Work request = Retype, without pictures, the line holding "(Color : 緑)" and each line below it through the final line.

Provided data =

------------------------

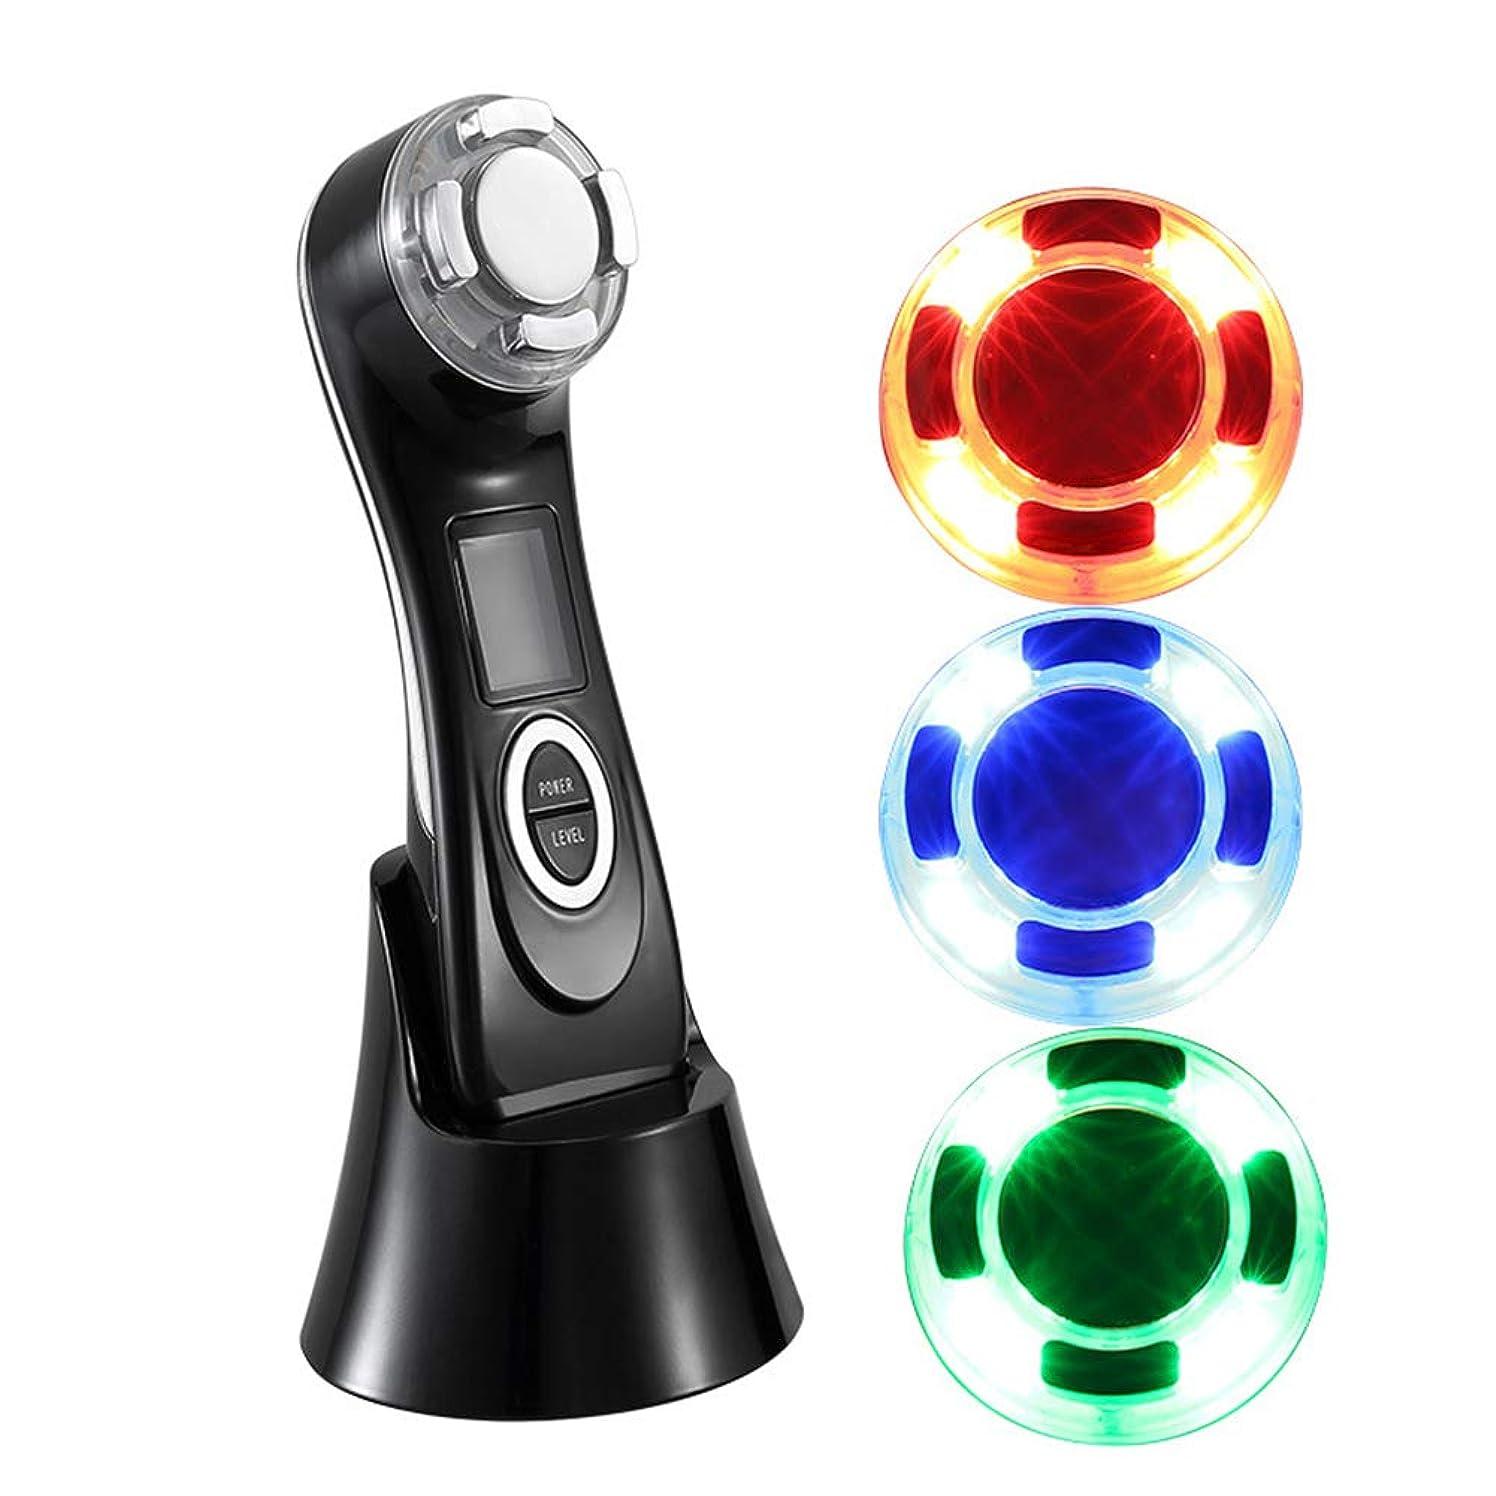 虹バランス巻き取りアップグレード超音波ファットバーナーボディ痩身マッサージ、LEDの美の器械、減量のため持ち上げて締め付けるフェイシャルセラピー,Black
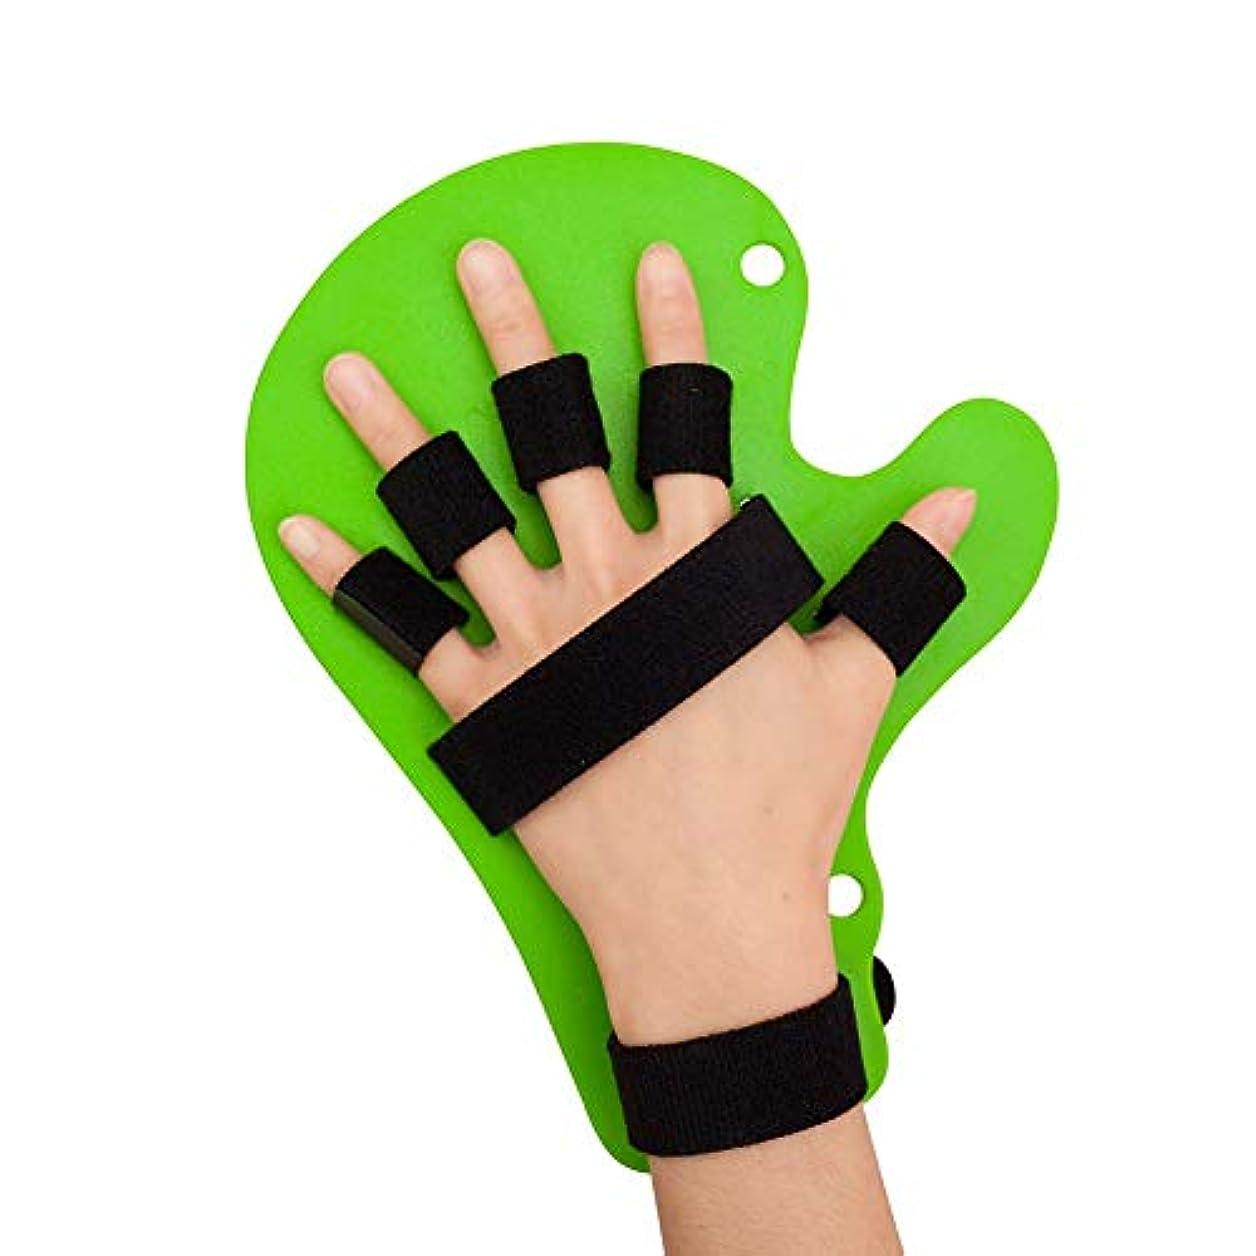 下にはず排気スプリント指指セパレーター、指スプリント指、指スタビライザーリストストラップ脳卒中片麻痺指のトレーニング機器を指 (Color : 緑)
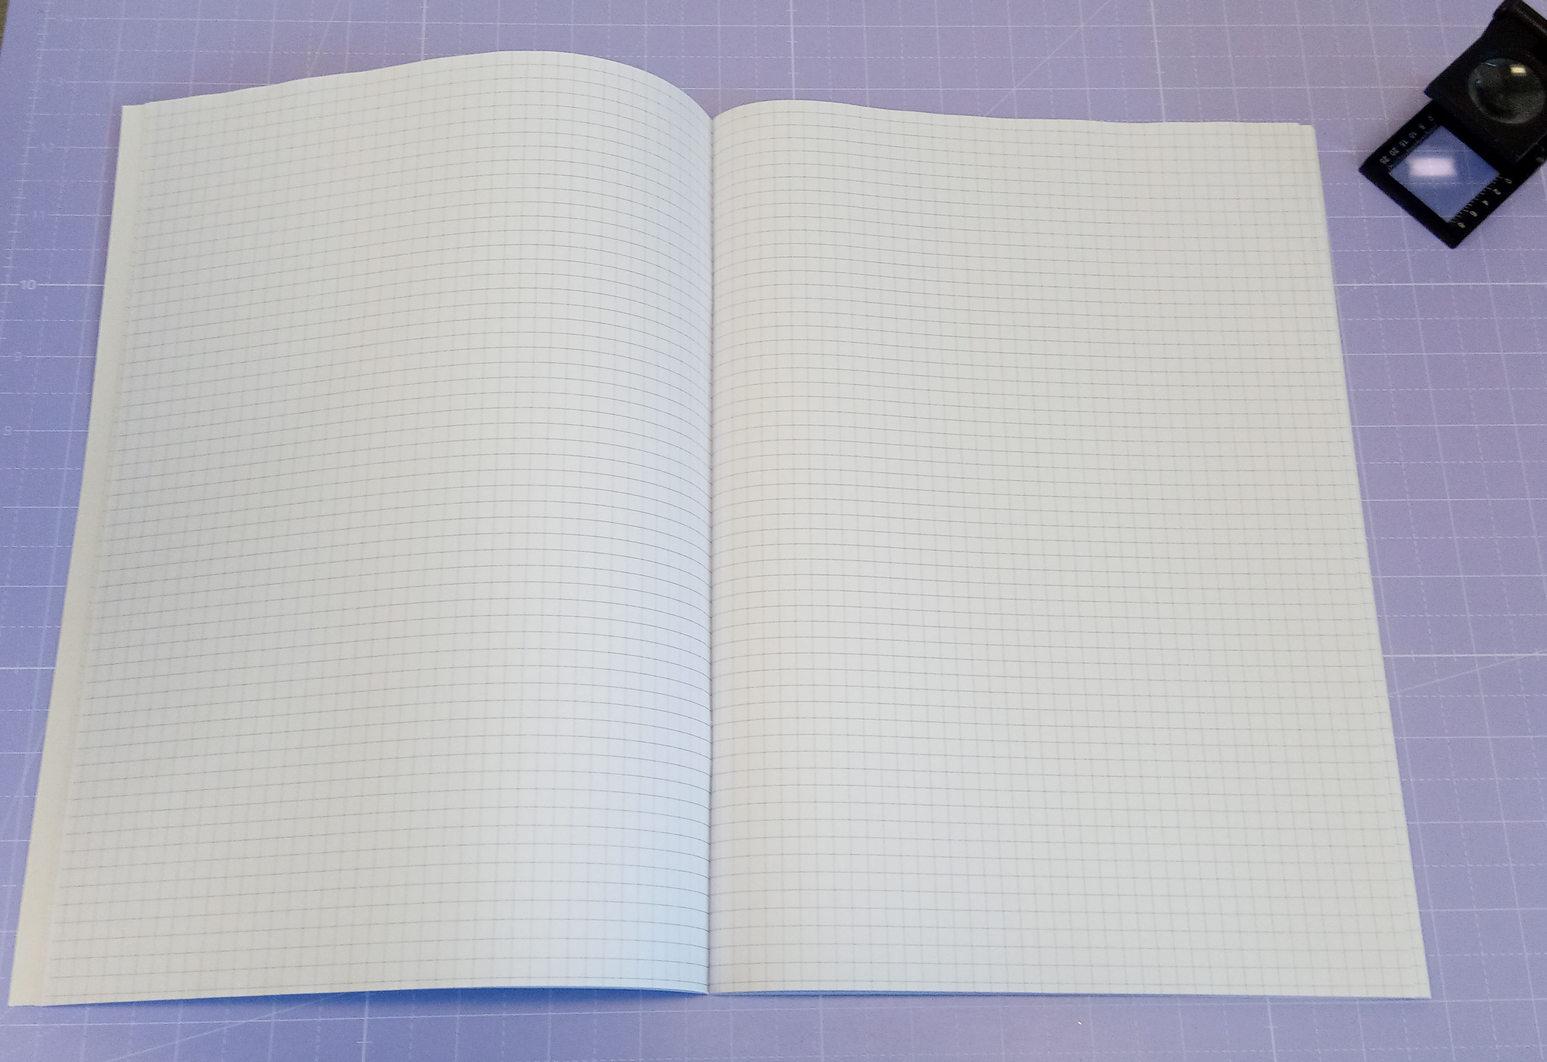 Particolare dell'interno del quaderno

------------------------

Exercise response =
 下にはず排気スプリント指指セパレーター、指スプリント指、指スタビライザーリストストラップ脳卒中片麻痺指のトレーニング機器を指 (Color : 緑)
 Particolare dell'interno del quaderno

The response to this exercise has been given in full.